ON SOLUTIONS IN THE HYDRODYNAMIC APPROXIMATION OF SOLAR AND STELLAR WINDS WITH VISCOSITY
- 1 Department of Physics, National and Kapodistrian University of Athens, Panepistimiopolis GR-15783 Athens, Greece
- 2 Department of Mathematics, National and Kapodistrian University of Athens, Panepistimiopolis GR-15784 Athens, Greece
Abstract
In this article we present some results in existence and uniqueness of strong and classical solutions of the hydrodynamic equations modeling solar and stellar winds. The system of Navier-Stokes equations for solar and stellar winds is considered in its corresponding differential evolution equation form (d/dt+A)υ(t) = F(υ(t), t), where F is a given non-linear function and -A is the infinitesimal generator of the analytic semigroup arises by the hydrodynamic Stokes operator.

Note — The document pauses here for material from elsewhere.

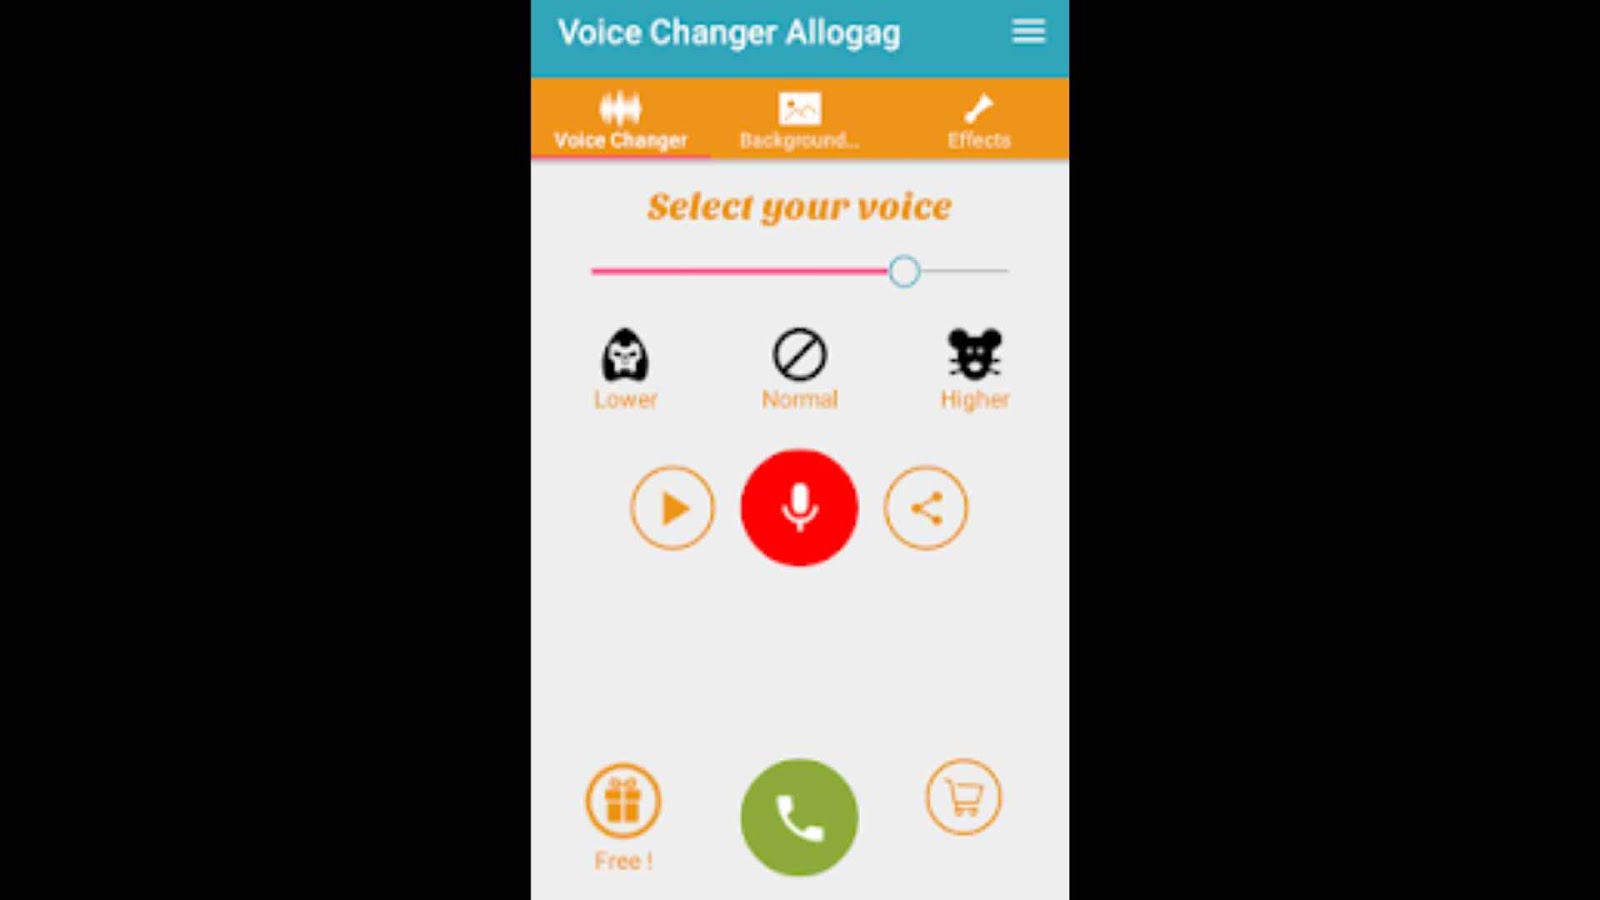 Call Voice changer Allogag

DOI: https://doi.org/10.3844/pisp.2014.136.139
Copyright: © 2014 Panagiotis N. Koumantos, Panaiotis K. Pavlakos and Xenophon D. Moussas. This is an open access article distributed under the terms of the Creative Commons Attribution License, which permits unrestricted use, distribution, and reproduction in any medium, provided the original author and source are credited.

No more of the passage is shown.